A Former Lehman Brothers Trader: I Bet My Reputation That This Bubble Will Pop In A Year

Summary

In 2000, we had the dot-com bubble.

In 2007, we had the housing bubble.

In 2017, we have the everything bubble.

It wasn’t always this way. We never used to get a giant, speculative bubble every 7–8 years. We really didn’t.

In 2000, we had the dot-com bubble.

In 2007, we had the housing bubble.

In 2017, we have the everything bubble.

Why do we call it the everything bubble? Well, there is a bubble in a bunch of asset classes simultaneously, like:

  1. Real estate in Canada, Australia, and Sweden
  2. Real estate in California
  3. Cryptocurrencies
  4. FANG, plus Tesla, and a few others
  5. Corporate credit
  6. EM sovereign credit
  7. Autos
  8. Indexing
  9. Dramatic television series
  10. Sports
  11. Animated movies

For the last few, I am just screwing around… though they are also bubbles.

I don’t like going around and calling things bubbles.

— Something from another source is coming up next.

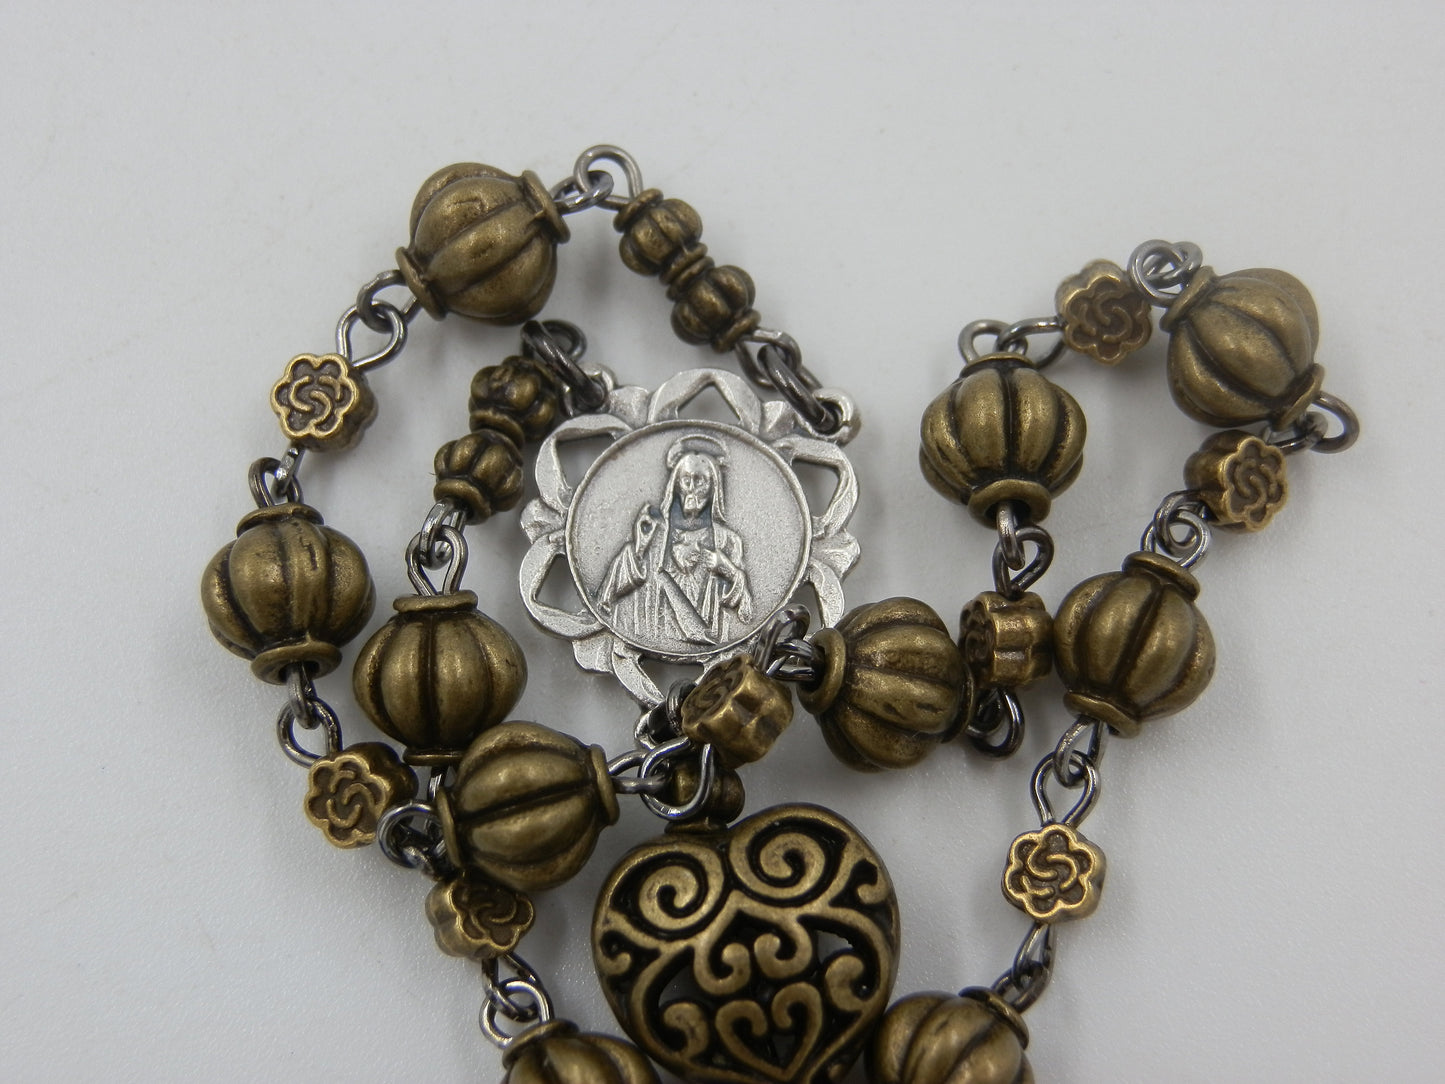 Vintage style Saint Therese prayer chaplet, St. Therese of Lisieux, St. Teresa, The Holy Child Jesus prayer Beads, Antique prayer beads.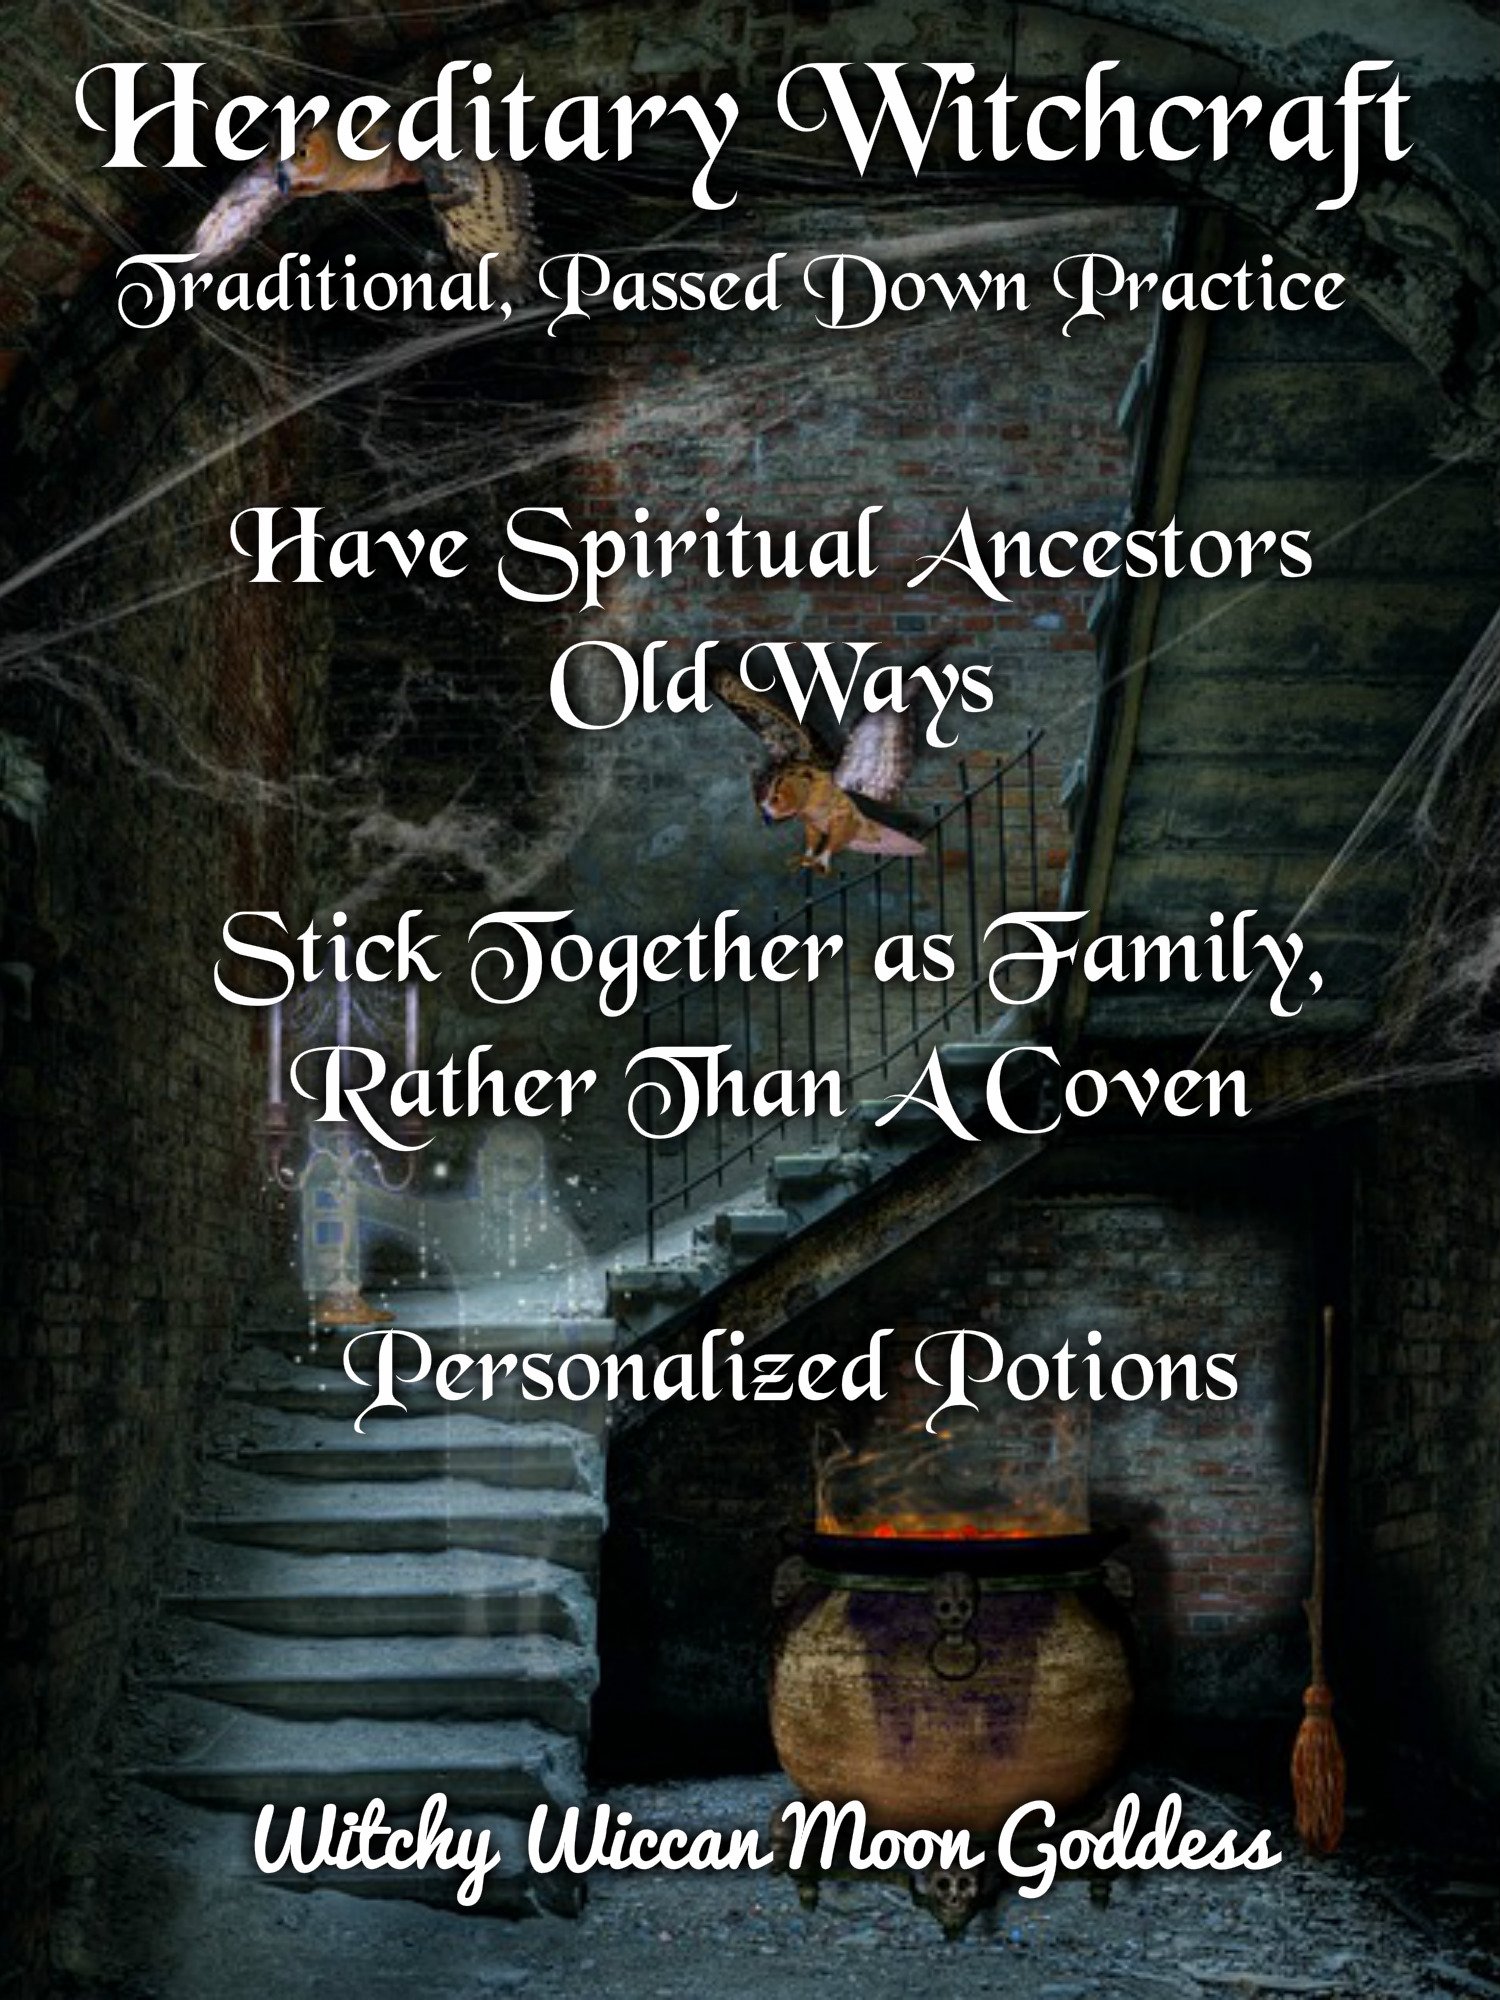 Hereditary Witchcraft: Traditional passed down practice. Old ways. Have spiritual ancestors. Stick together as family rather than a coven. Personalized Potions.

It’s a good way to lose credibility (especially if you started in 2013).

I haven’t been exactly bullish over the last year. But I have refrained from calling it stupid, because it could always get stupider.

But now, I’m not sure how much more stupid things will get.

Bitcoin Pushed Me Over the Edge

First, let’s define what a bubble is. A bubble is not simply a matter of overvaluation. It has to be accompanied by an obsession or preoccupation with an asset class.

When you see people making haystacks of cash all out of proportion to their intelligence or work ethic?

Bubble!

That is kind of what is happening right now in cryptocurrencies.

Am I some kind of Luddite? No.

Do I see the potential of blockchain? Yes.

But when I see people behaving this way—literally throwing money at each other—you’re probably closer to the end than the beginning.

People are comparing Bitcoin to tulip bulbs. I think those comparisons are apt. But at least with tulips, you had something tangible—a plant.